Greetings / Feri from Budapest (Hungary)
Attached some pictures of me. https://plus.google.com/u/0/113036088332052742998/posts
: Wall:


----------



## lohring (Oct 1, 2014)

That's a very interesting yet simple engine.  Have you tried contacting Gerry at his hot mail address?  The cylinders and shaft bearing look like standard brass tubes.  The rotary valve is the same design as a radial air engine would use.  See Mike Smyth's engines for details.

Lohring Miller


----------



## vf56 (Oct 3, 2014)

Thanks to everybody for your help. I have seen a lot of pictures and got a lot of new ideas.  I have an idea to solve the change of direction as well. I hope I can inform you avout the results in spring.
Best regards from VF56 / Hungary


----------



## lohring (Oct 3, 2014)

I discovered that a thread on the engine along with a CAD drawing exists on this site.  See http://www.homemodelenginemachinist.com/showthread.php?t=3134 for the engine build and http://www.homemodelenginemachinist.com/showthread.php?t=7934 for a description of how to make the perfect balls the engine needs.

Lohring Miller


----------



## vf56 (Oct 5, 2014)

Dear Lohring!
Thank for a great tipp.

vf56 (Hungary):


----------



## lohring (Oct 6, 2014)

This is and his other wobble plate engines are very tempting projects.  They are designed to run on air and don't use the materials or valving for steam.  Look through Captain Jerry's posts for all his thoughts in these engines.  I would avoid the tilting pistons for very high temperatures as the O ring needs to seal a shape that goes from round to elliptical.  A standard piston like his other designs would be better.

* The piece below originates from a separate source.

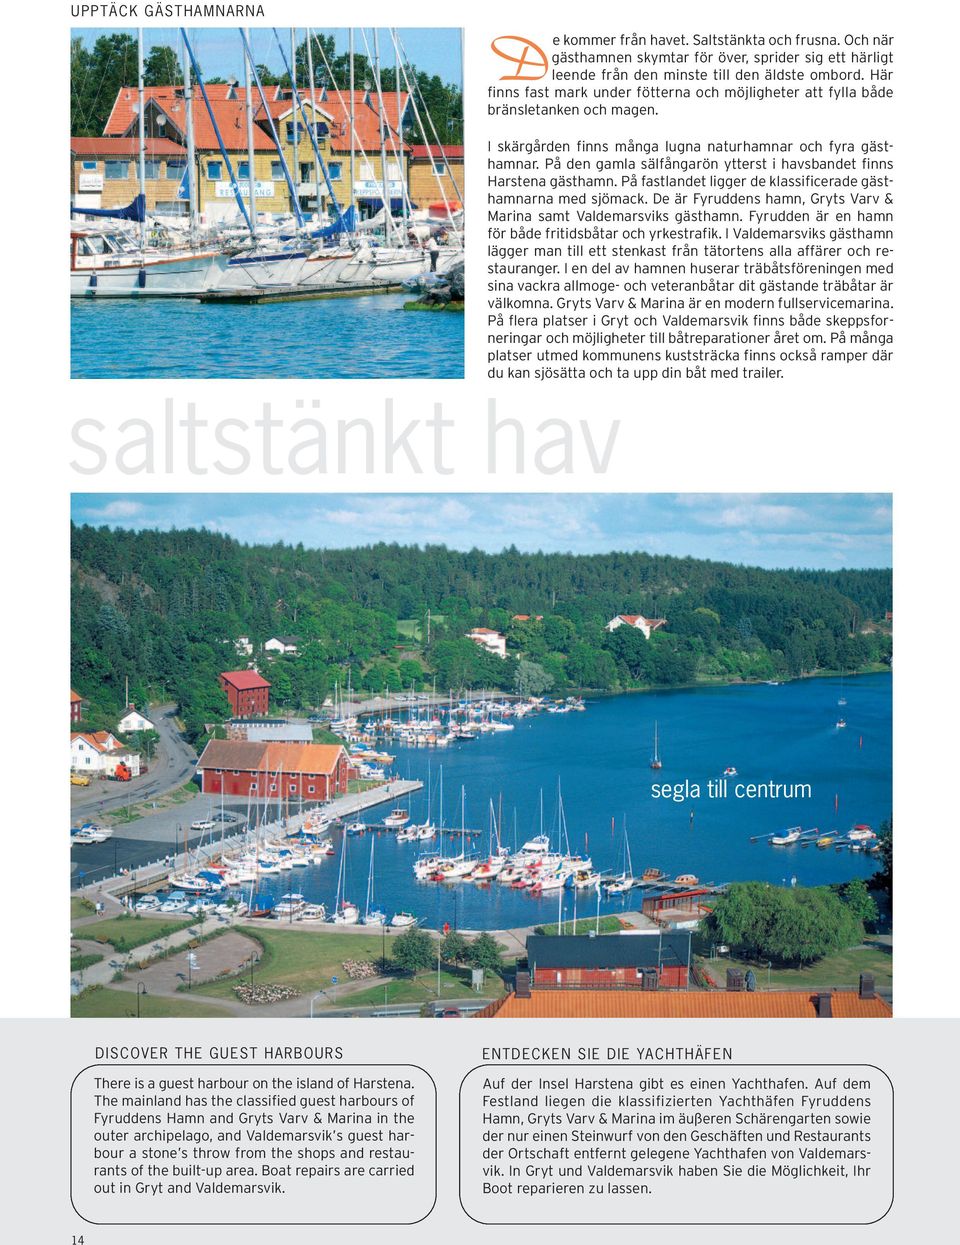 På den gamla sälfångarön ytterst i havsbandet finns Harstena gästhamn. På fastlandet ligger de klassificerade gästhamnarna med sjömack.

The rotary valve is the other weak link.  I've been thinking about ball valves actuated by a rod that runs off a ball thrust bearing on the inside diameter of the wobble plate.  Below is a drawing of an engine with this type of valve. I think this one of Captain Jerry's engines might be a better design for steam.  It's all in the details.  Good luck with your build.

Lohring Miller


----------



## vf56 (Oct 8, 2014)

Thank you for the drawing and the idea you gave me. I studied Captain Jerry's posts. The rotary valve was redesigned by me according to my own idea. Two channels will be constructed: one inlet and another one outlet. With using of steam reversing the direction of rotation can be changed. 
Thank you very much for your help. I hope the machine be will be ready during the winter.
I wish you a nice automn season and remain wiht best regards /vf56 from Hungary


----------



## lohring (Oct 10, 2014)

I think the slide valve should be fine for moderate steam pressures.  It leaks too much for a flash steam style plant.  I will be very interested in your engine and the complete power plant.

Lohring Miller


----------